These two numbers elicit more than a little respect: a Porsche car has 6,000 different electric and electronic functions that need to be handled by as many as 80 interlinked control units. But the staff of the recently opened electronic integration center (EIZ) has every one of them in their sights. Director Uwe Michael, a native of the German state of Hesse, notes that “opening the driver’s window is an example of an electric function.” But then he smiles. “The real challenges at the EIZ extend far beyond ensuring perfect electronic operation of the windows, of course.”
The rise of electronic systems in cars has accelerated to an even more amazing pace over the past ten years. “For us developers that means having to master ever greater levels of complexity,” says Michael. This task becomes tricky when numerous things are happening at the same time. Let’s say you’re opening the driver’s window with the car in motion, while simultaneously opening the sunroof, using the GPS system, and listening to the radio. These functions are all in addition to driver assistance systems that run automatically and continually.
In order for this all-encompassing use of electronics to function in everyday driving, the EIZ houses the “CAN-Mobil” on its first floor above ground. CAN stands for “controller area network,” which refers to an electronic automotive communications standard. With a good bit of imagination, this collection of cables and control units draped with an assembly of automotive components might suggest a car—minus the wheels, engine, and transmission. Here is where the engineers simulate the interplay of all electronic components in all conceivable variations. More than 100,000 test cases need to be examined. Before undergoing an endurance test in the CAN-Mobil, each individual element has already been thoroughly tested on its own.
The highest level of communication recquired
Just like an orchestra, the entire ensemble has to operate together perfectly in the CAN-Mobil. Every control unit can perform its function brilliantly as a virtuoso soloist, but that says little about its performance in conjunction with all of the members of the orchestra. Only when the control units form a successful electronic symphony are they installed in the car. The data system uses bus cables to ensure that the overall weight of the electronics remains well below 100 kilos.
The constant flow of data also requires the highest level of communication among all of the engineers involved. In order to enhance this communication, all electronics specialists have been brought together under the single roof of the new EIZ. The days in which the developers were spread across the Weissach grounds are now history.

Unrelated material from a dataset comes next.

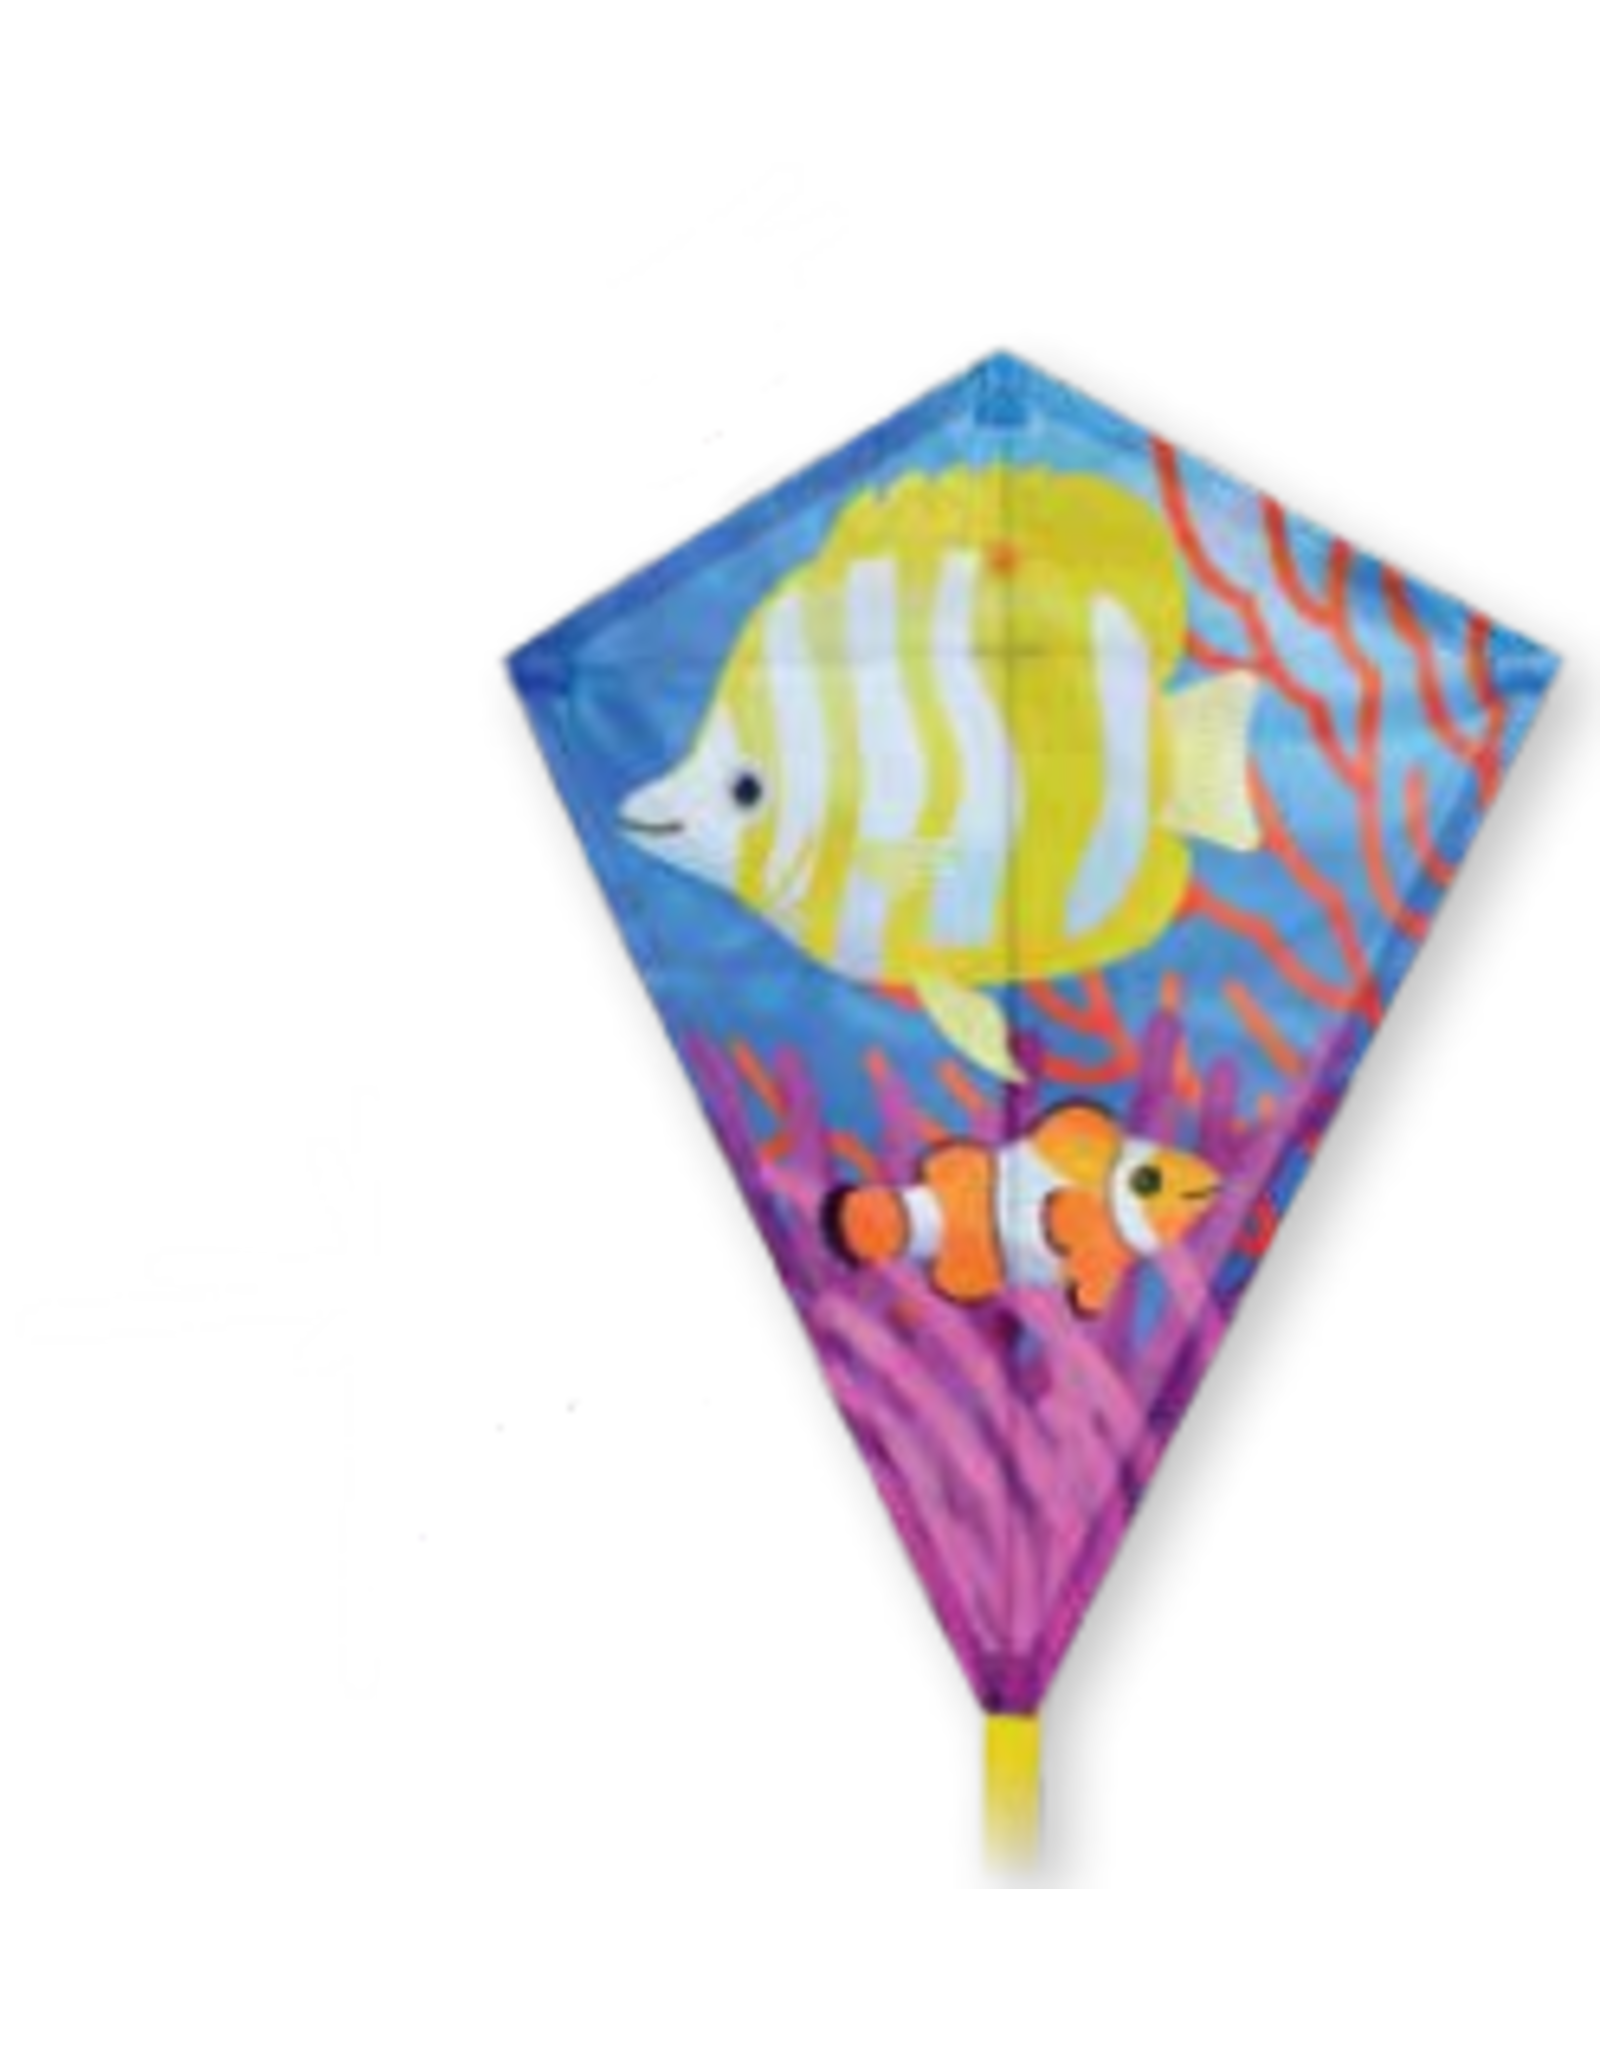 Tropical Fish Diamond Kite 25"

The EIZ’s architecture reflects the constant exchange of information among the engineers, technicians, and workshop staff. The interior of the building has a V-shape, based on the V-process model from software development. The rooms are arranged from above to below in accordance with the electric/electronic development process—from the idea written on a piece of paper or a computer screen to the finished component ready for use.

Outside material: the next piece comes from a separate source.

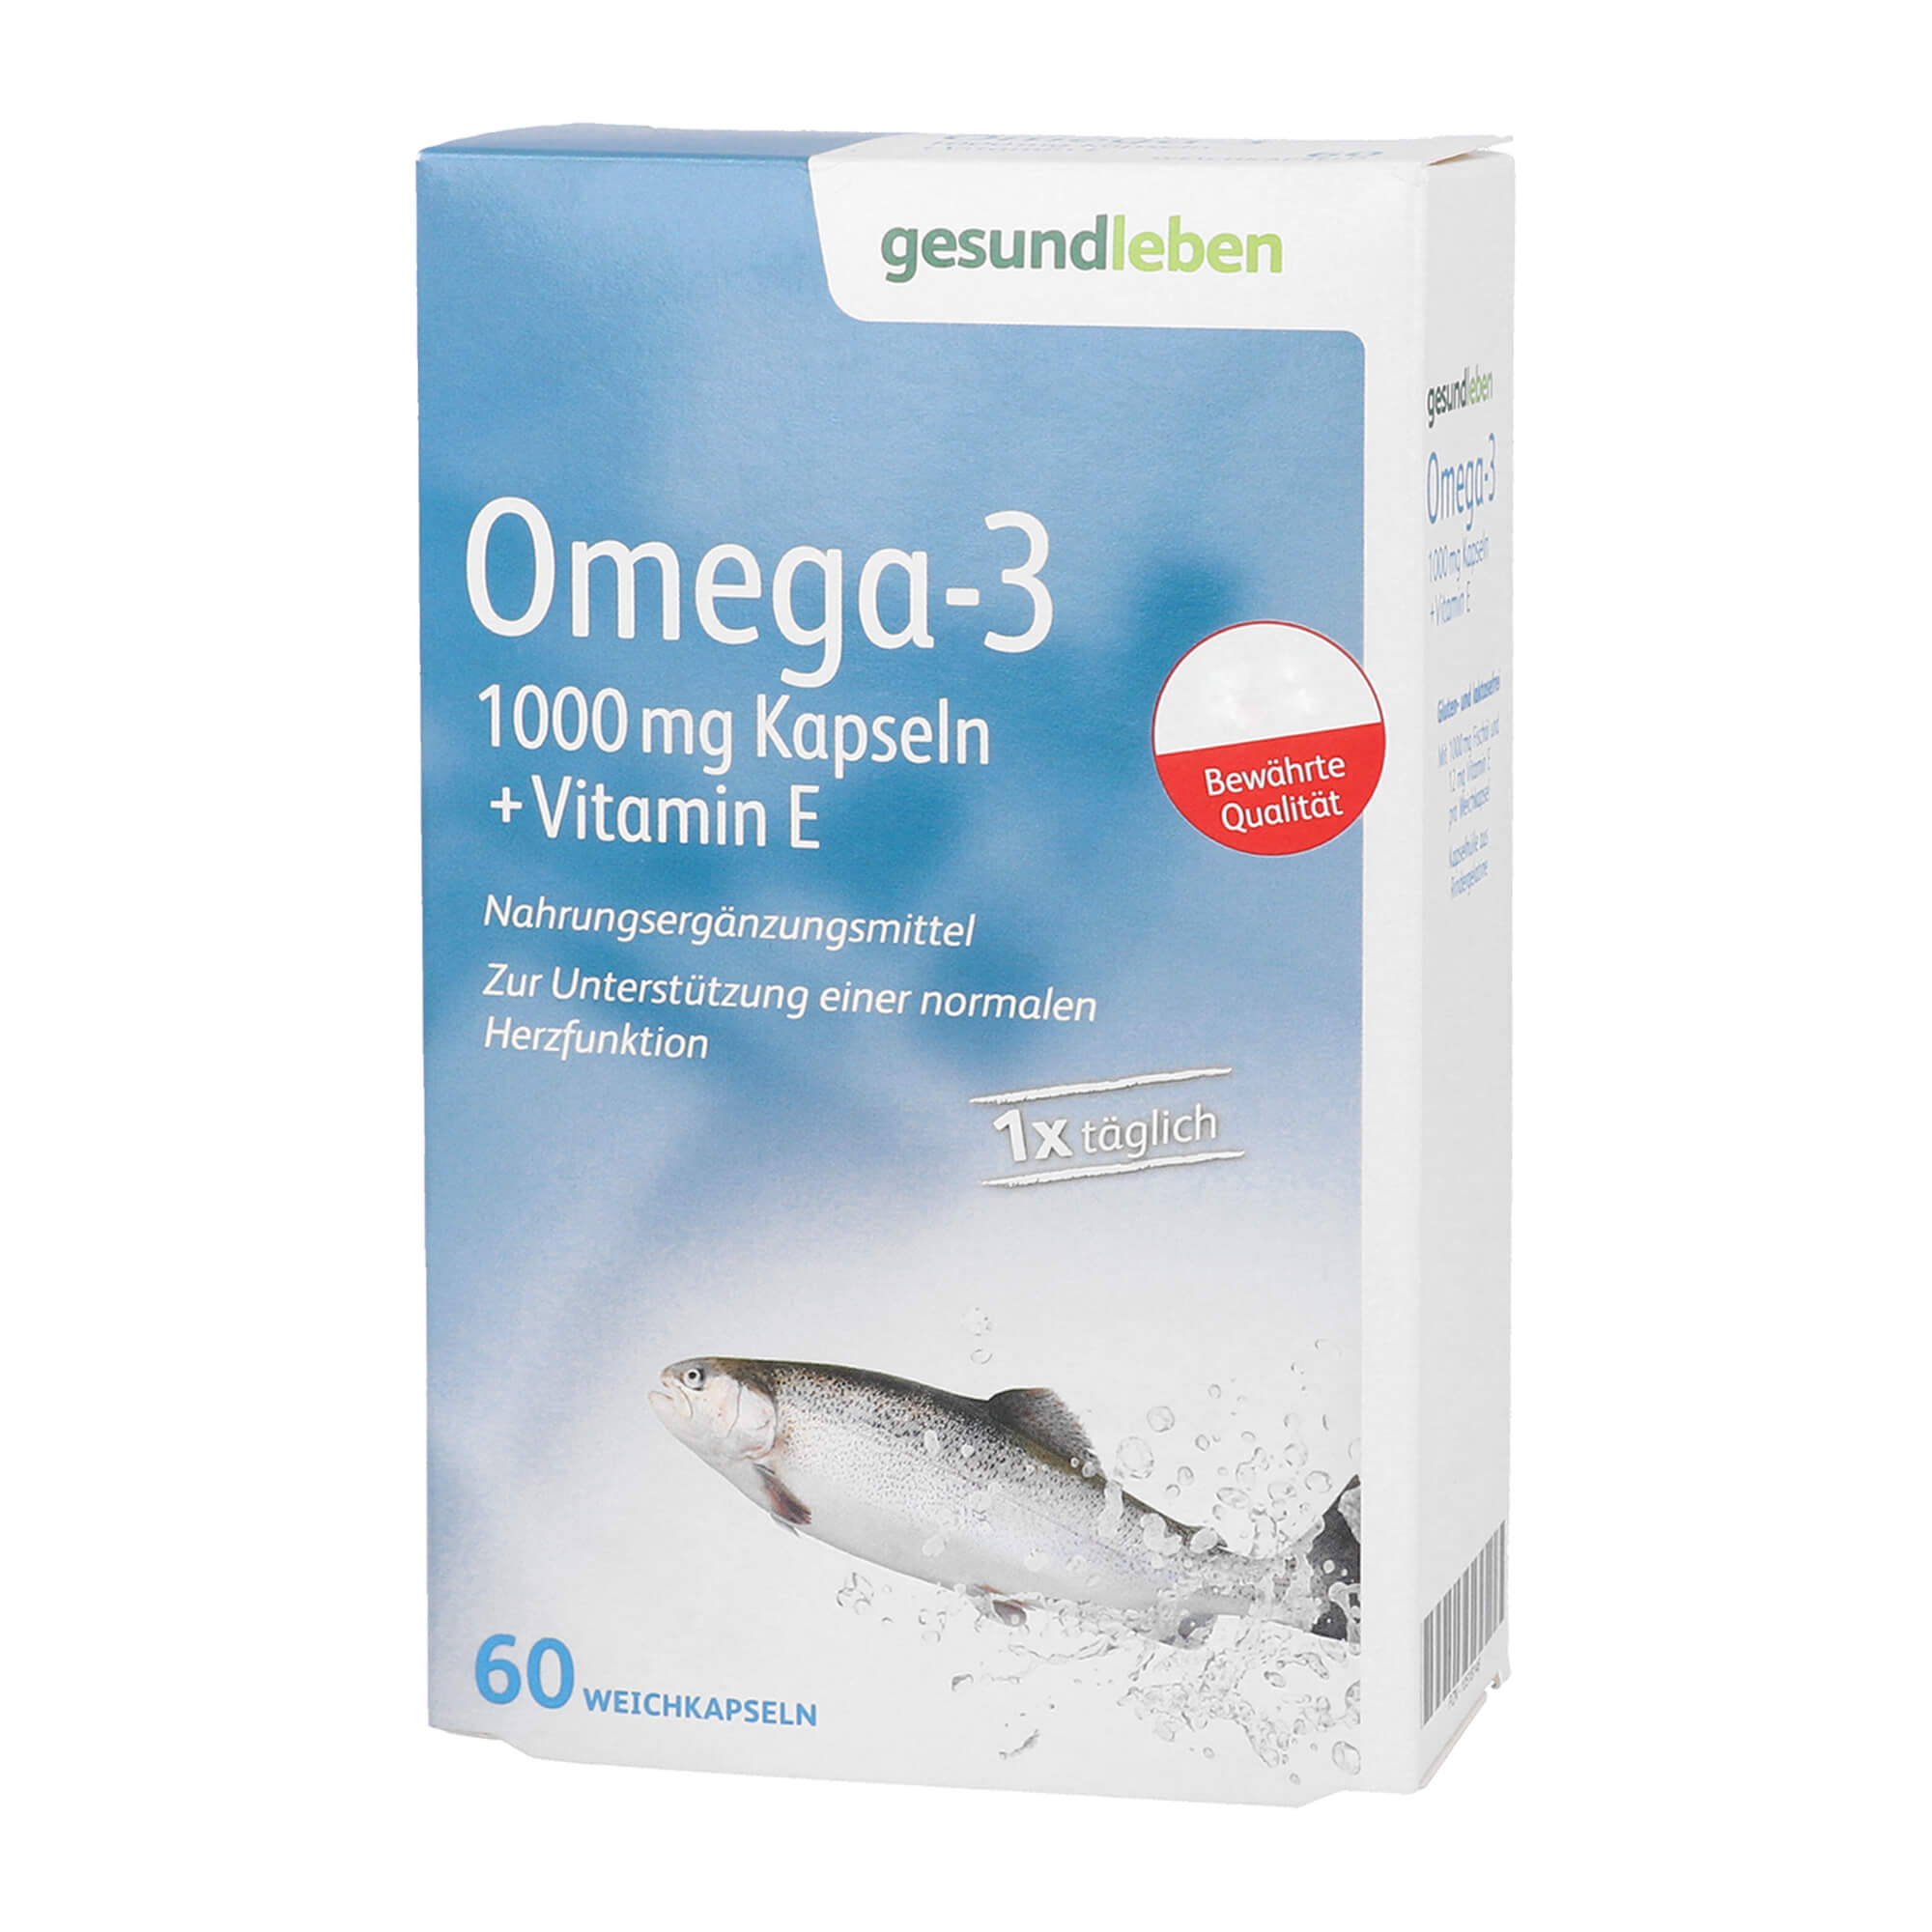 Nahrungsergänzungsmittel mit Omega-3 Fettsäuren in hoher Konzentration.

The workstations of the approximately 570 employees are located a maximum of 30 meters from each other—ensuring short distances for a rapid exchange of ideas, in a space that is also illuminated by stairwells in the middle of the building which are flooded with light. In planning for the EIZ, Uwe Michael and his staff placed a high priority on basing the architecture in all respects on the interplay and networking of the engineers and developers. The result speaks for itself.

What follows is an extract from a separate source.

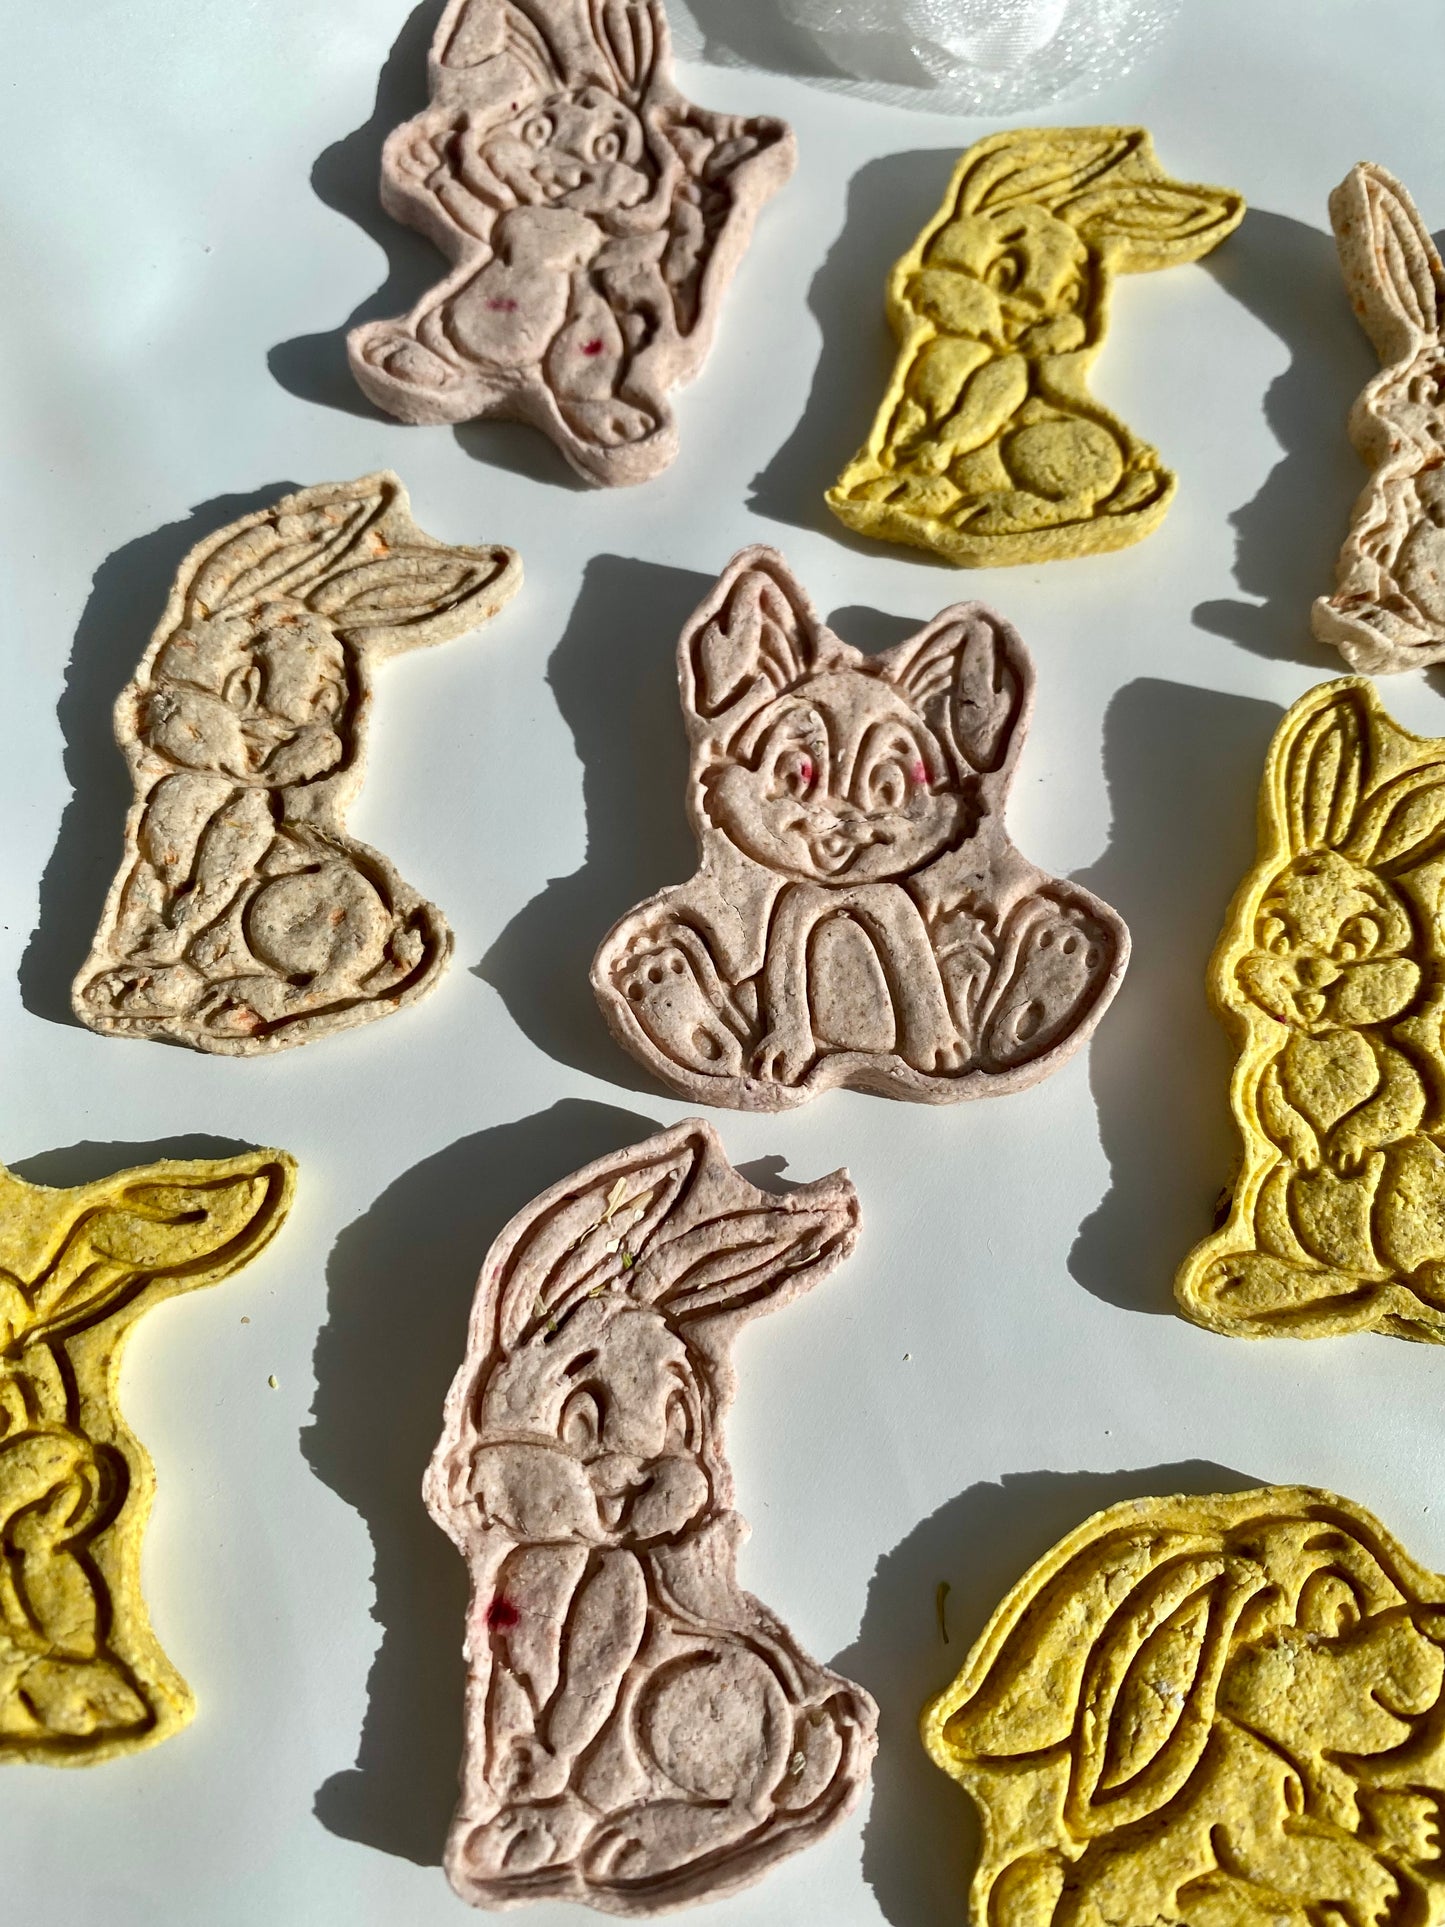 Bunny shaped treats

The car of the future will communicate with its environment
The advantages of the EIZ have already yielded benefits for the infotainment system in the 918 Spyder. For this super sports car, Porsche developed the first system that is based entirely on the Web 2.0 programming language. “The close physical proximity of the workstations here was a major help,” says Michael. The Web-based solution can be constantly updated to the latest state of the art without much effort, with the result that owners of the 918 Spyder can benefit immediately from new apps.
The car of the future will be networked with its environment—including everything from other traffic to the driver’s home—and will communicate with it. Michael views this area of data use as one of the greatest playgrounds for his team over the coming years. Speed and complexity will continue to accelerate in the process. More than 10,000 signals are transmitted in cars these days, and this figure will increase by 40 to 50 percent with every new model generation.
While following the EIZ director through “his” building, it becomes clear that integration is a major key to success. “We don’t develop every control unit ourselves; our core area of expertise is more a matter of integrating all of these units in the car,” says Michael. The finale then takes place at what is called the “integration marketplace.” As many as eighty engineers gather on the ground floor to experience the electronic symphony of the finished car. The “OK” is given only when everything functions here without a hitch.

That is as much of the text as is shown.